L’attractivité croissante de ces espaces chrétiens représente une opportunité pour demander la restauration des sites et des églises historiques, dans un pays où la législation impose des procédures complexes à l’octroi de permis de construire ou de restauration des églises. Ainsi, en 2020, le Haut Conseil des Antiquités a annoncé l’avancée des travaux de restauration de l’église de la Sainte Vierge qui appartient au monastère de Gabal Al-Teir. Cette église, sculptée dans la roche au IVème siècle par l’Impératrice Hélène, contient une grotte où ont séjourné Jésus et ses parents. Dans le gouvernorat de Qena, plusieurs monastères jusque-là peu visités et dont les bâtis remontent au VIIème ou VIIIème siècle ont été rénovés. Ces restaurations permettent par ailleurs de découvrir des reliques de saints patrons et peuvent raviver les cultes locaux qui leur sont dédiés.
Les autorités égyptiennes avaient par ailleurs demandé que le chemin parcouru par la Sainte Famille en Égypte soit reconnu par l’UNESCO et intégré à la liste du patrimoine mondial de l’humanité.
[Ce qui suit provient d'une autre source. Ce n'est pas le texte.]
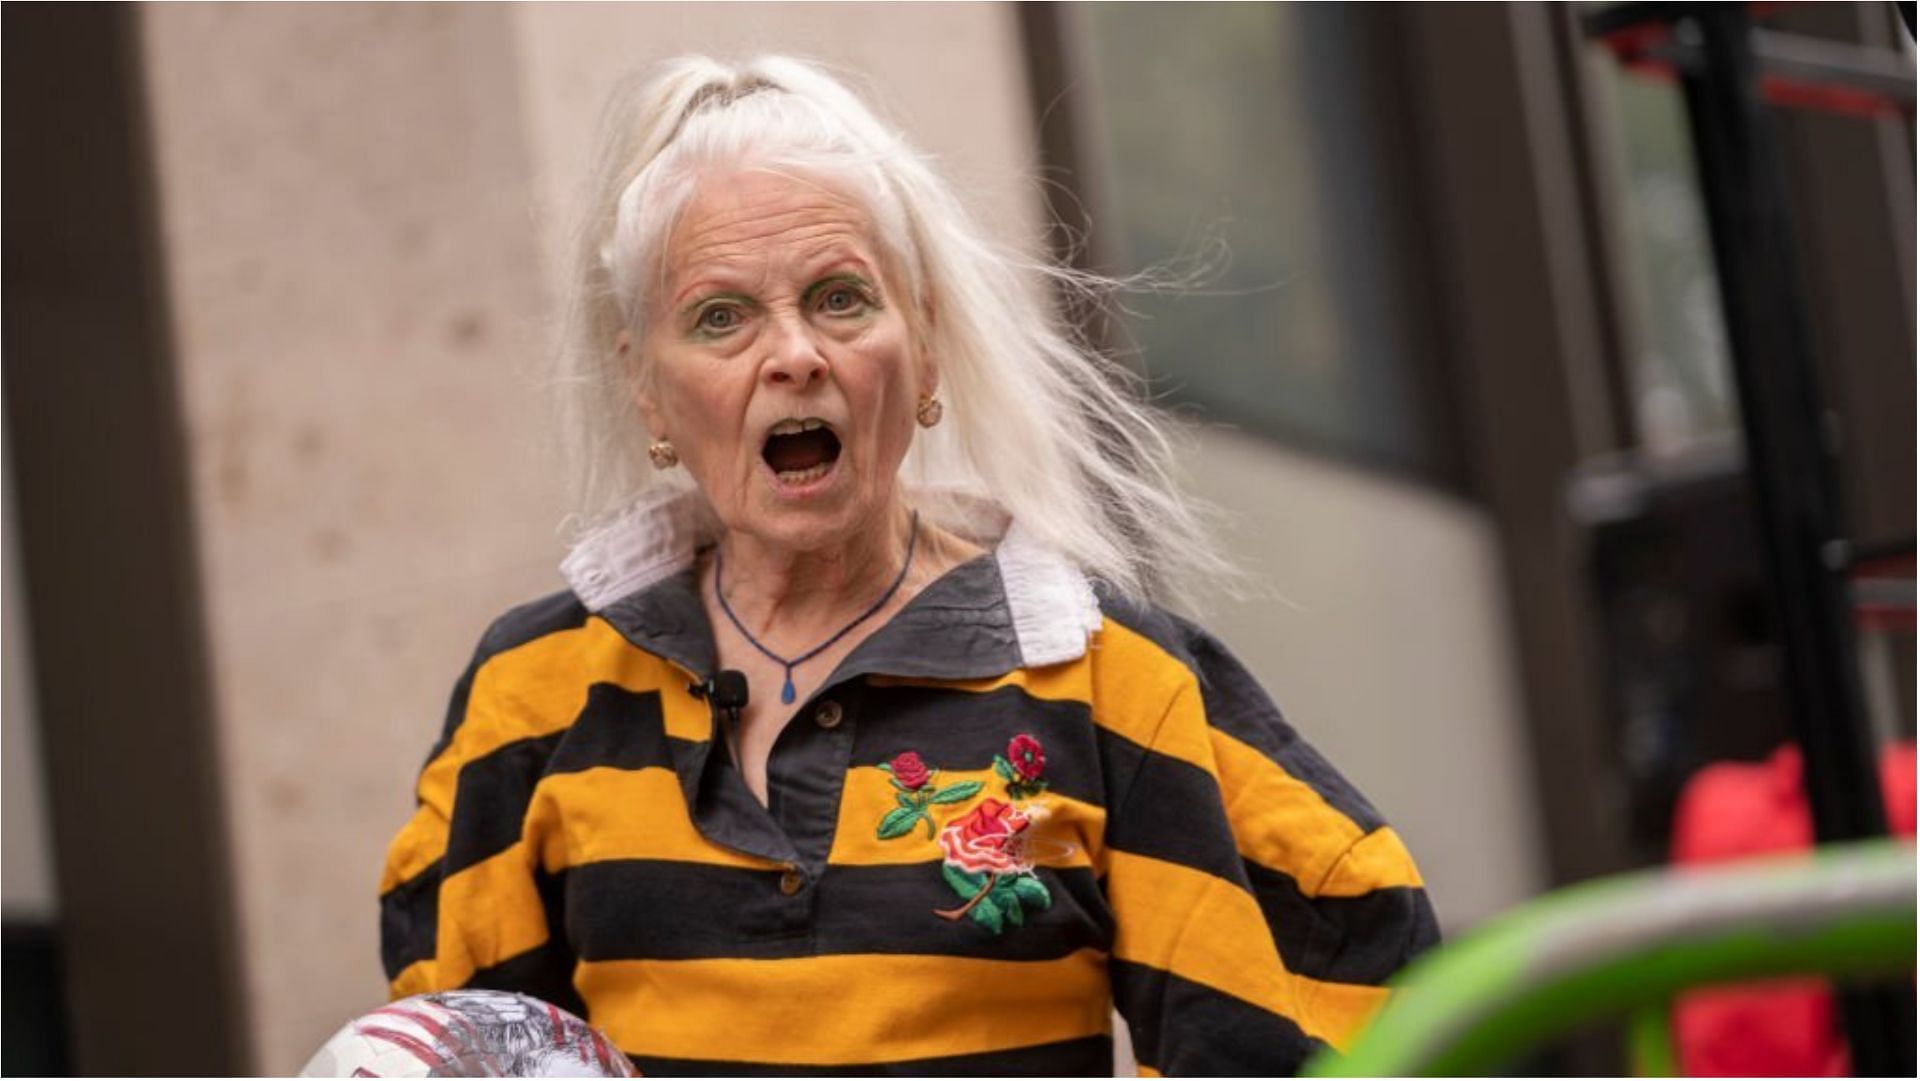 Vivienne Westwood has earned a lot from her career in the fashion industry (Image via Ki Price/Getty Images)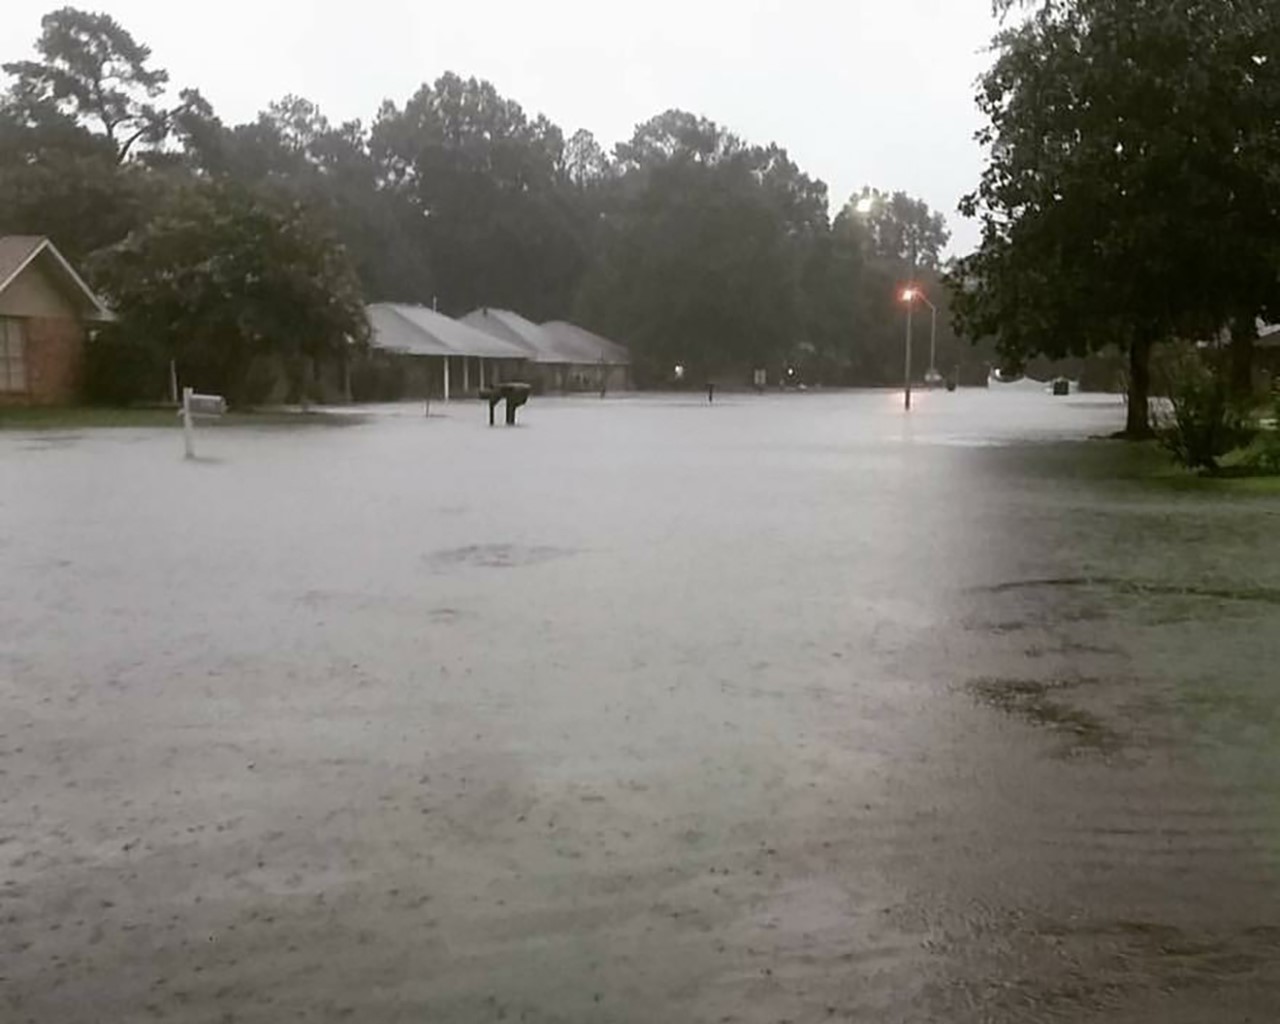 Kelly Munson's neighborhood in the East Baton Rouge parish during August's historic flooding. Photo by Kelly Munson

Dans cette visée et en concertation avec l’Église copte, le Ministère des Antiquités a reconstitué et fixé un itinéraire allant d’Al-Arish, au Sinaï jusqu’au monastère de la Sainte Vierge à Assiout (Haute-Egypte), en passant par le delta et le désert de Wadi Natrun, soit au total 25 lieux sélectionnés.
L’intérêt croissant porté à l’histoire du christianisme copte est par ailleurs à réinscrire dans le mouvement de réforme institutionnelle de cette communauté, initié au siècle dernier. Les deux précédents patriarches, Cyril VI et Chenouda III ont en effet œuvré à la démocratisation de l’enseignement ecclésiastique, à la consolidation du poids politique de l’Église et à la restauration de la vie monastique. La construction des récits hagiographiques insiste souvent sur les origines chrétiennes de la société égyptienne et sur le rôle des coptes au sein de l’État, même islamisé. L’architecture hybride du musée copte, construit dans les années 1920, et qui allie différents styles ornementaux, témoigne de la volonté politique contemporaine de construire un patrimoine commun multiconfessionnel.